= W. W. Hicks Beach =

British Conservative politician (1907–1975)

Major William Whitehead Hicks Beach (23 March 1907 – 1 January 1975) was a Conservative politician in the United Kingdom. He was member of parliament for Cheltenham from 1950 to 1964 and was also an Alderman of Cheltenham Borough Council.

==Life==
The son of Ellis Hicks Beach (1874–1943) by his marriage to Nancy Whitehead, he was the grandson of William Frederick Hicks-Beach (1841–1923), a younger brother of Michael Hicks Beach, 1st Earl St Aldwyn.

Hicks Beach was educated at Eton College and Magdalene College, Cambridge.

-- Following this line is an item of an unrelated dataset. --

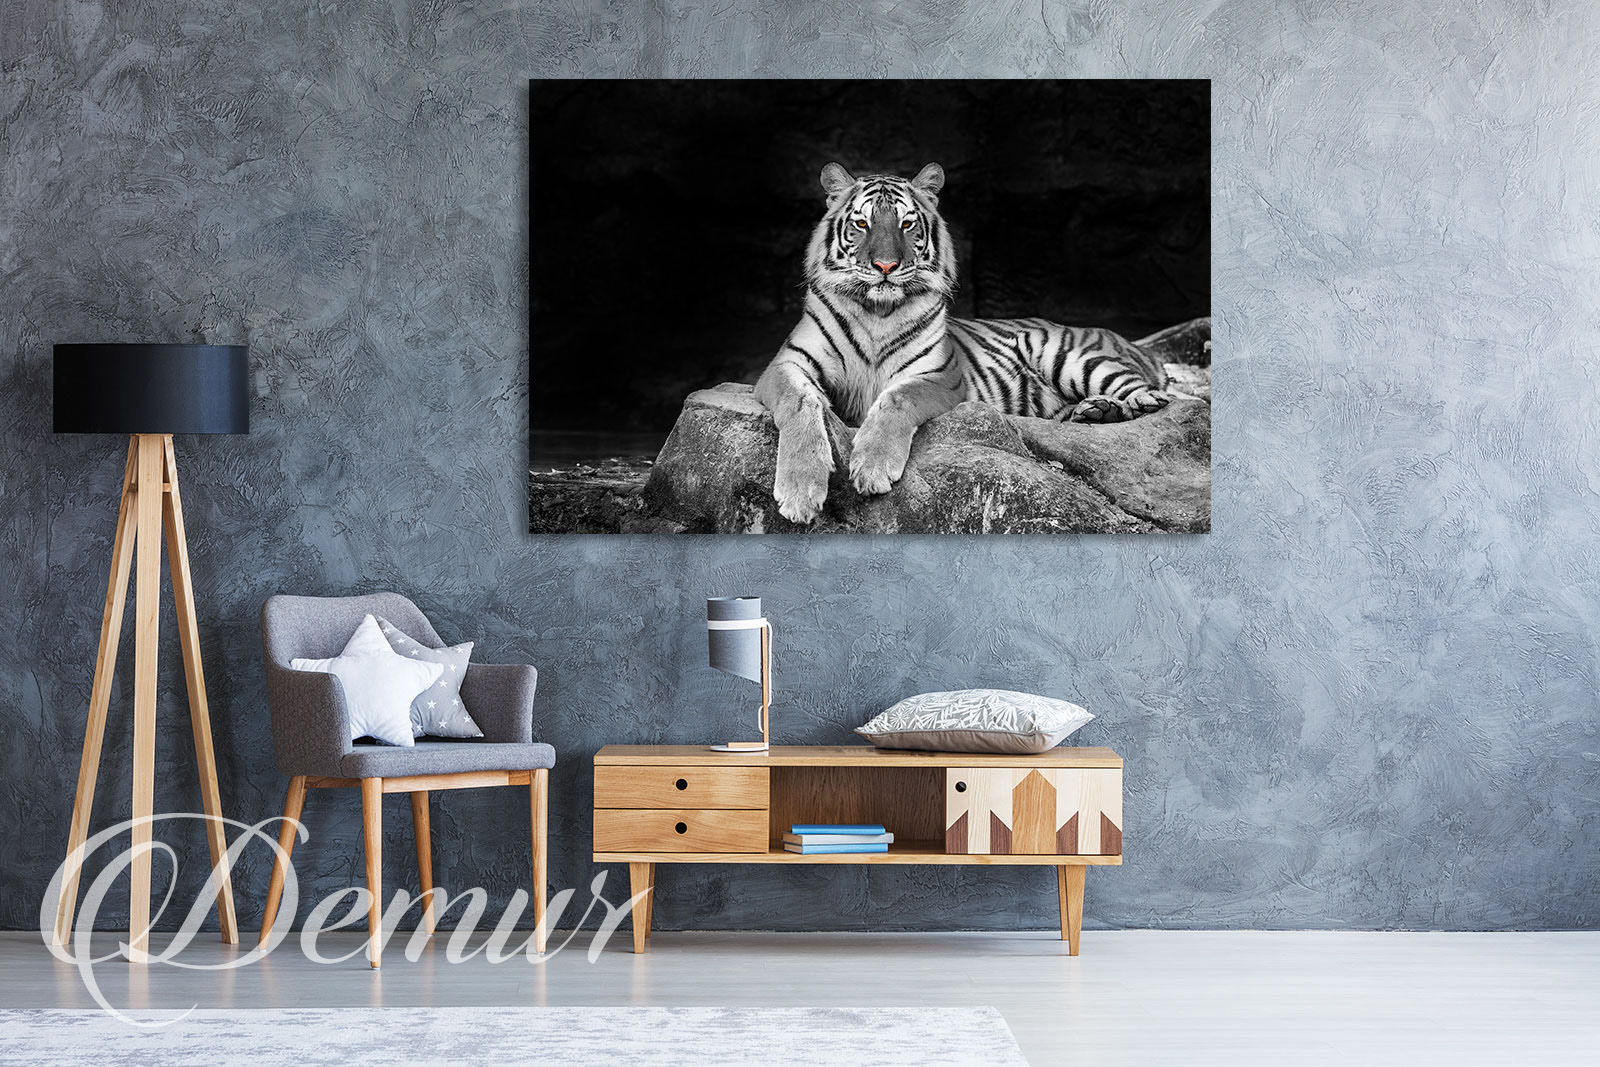 Obraz - Tygrys biało czarny - Jaki obraz do salonu - Demur

He trained as a solicitor, becoming a partner in the firm of Payne, Hicks Beach and Co., and was also a director of several insurance companies. He was a Major in the Royal Gloucestershire Hussars and was promoted to captain in the Territorial Army Royal Armoured Corps.

On 12 September 1939, Hicks Beach married Diana Hoare (1911–2002), a daughter of Christopher "Kit" Gurney Hoare, the chairman of stockbrokers Hoare & Co. They had two daughters, Elizabeth (later Mrs Hinson) and Rosemary (later Mrs Naylor), and a son, Mark Hicks Beach (1943–1998).

He is buried in the churchyard of St Mary's, Great Witcombe, Gloucestershire.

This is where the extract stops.